Although only a few clinical assays measure more than a few protein markers, there is clearly a strong need for more predictive assays. This is especially acute for immune checkpoint inhibitors that demonstrate efficacy of 20–30% in certain tumor types. Recently a companion diagnostic assay for pembrolizumab has been developed based on IHC evaluation of PD-L1 expression in tumor biopsies. The overall response rate of 41% was achieved in patients with more than 50% of tumor cells positive for PD-L1 compared with an overall response rate of 20.6% in all patients in the study [23]. Clearly the presence of PD-L1 is a predictor of response but is not sufficient for accurately predicting response. A recent review of assays that predict response to anti–PD-1/PD-L1 showed that mIHC/IF had greater performance than PD-L1 IHC [24]. The hypothesis that additional biology underlies this response has appeal and has ultimately been waiting for tools that can measure the broader TME, particularly at the protein and cell level. As multiplex IHC technologies gain broader adoption it will be exciting to test if more sensitive and predictive assays can be developed to guide treatment.

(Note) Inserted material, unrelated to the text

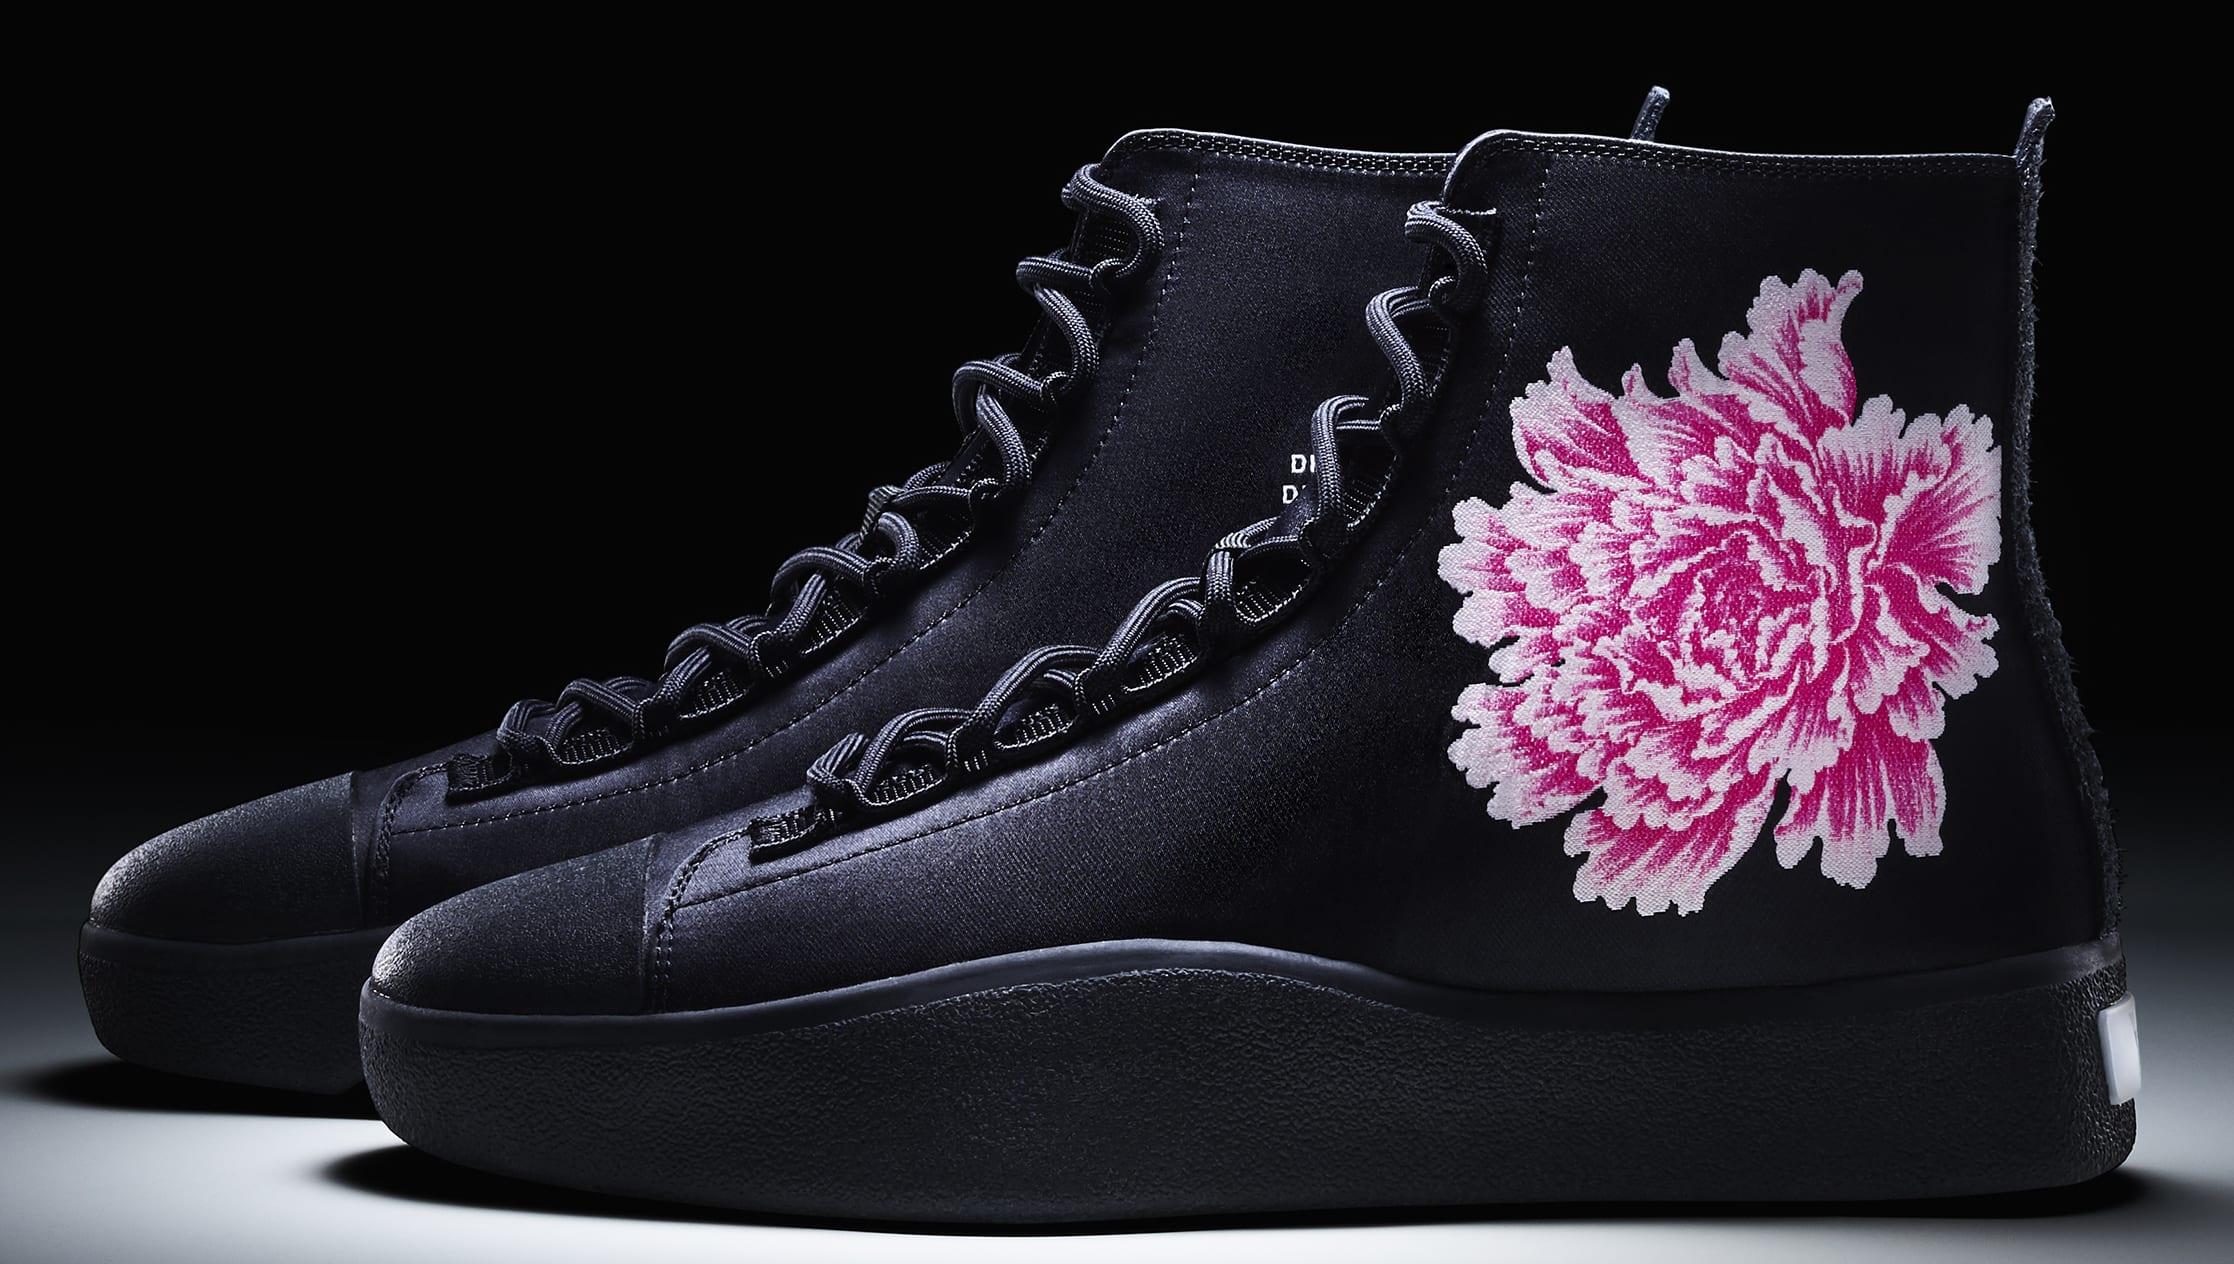 Y-3 James Harden Bashyo Sneakers Discount Amazing Price mmSKfG2y
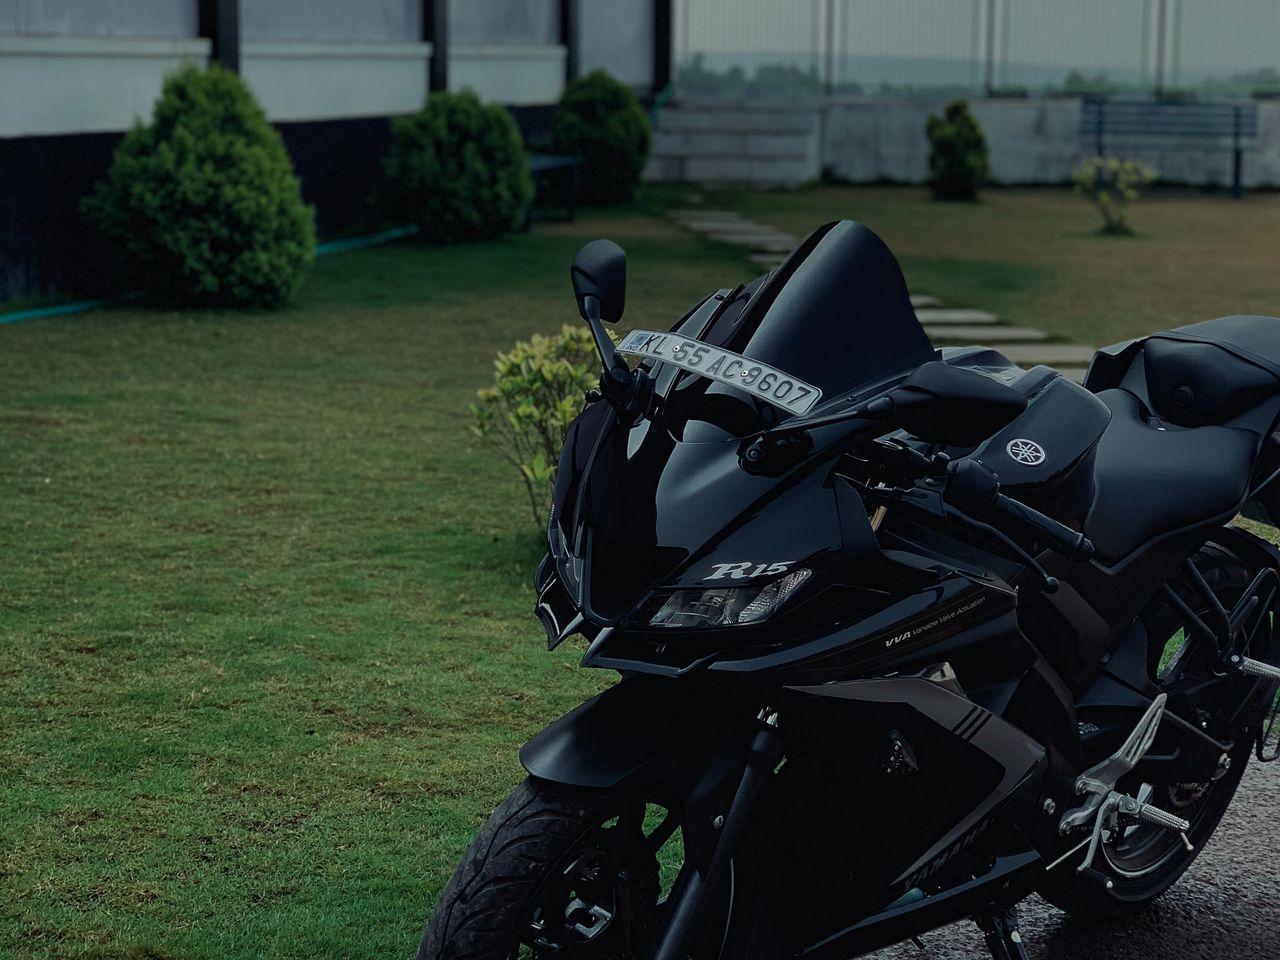 1280x960 Wallpaper yamaha r15, yamaha, motorcycle, bike, black

A recent study using MIBI to analyze triple negative breast cancer samples showed a positive association between overall survival and the presence of compartmentalized histology, in which immune cells and tumor cells are spatially segregated, in contrast to samples that showed mixing of immune and tumor cells [12]. In a separate blinded study, MIBI was used to quantify the intensity of HER2 expression and percent of HER2-positive cells in breast carcinoma samples and the results strongly correlated with pathologist-derived HER2 IHC score [14]. In conclusion, MIBI provides a complementary tool to molecular genomics and digital imaging techniques being used to characterize the TME. Future studies using the subcelluar resolution and multiparametric capabilities of MIBI should yield additional insights into the drivers of immune dysfunction within the TME.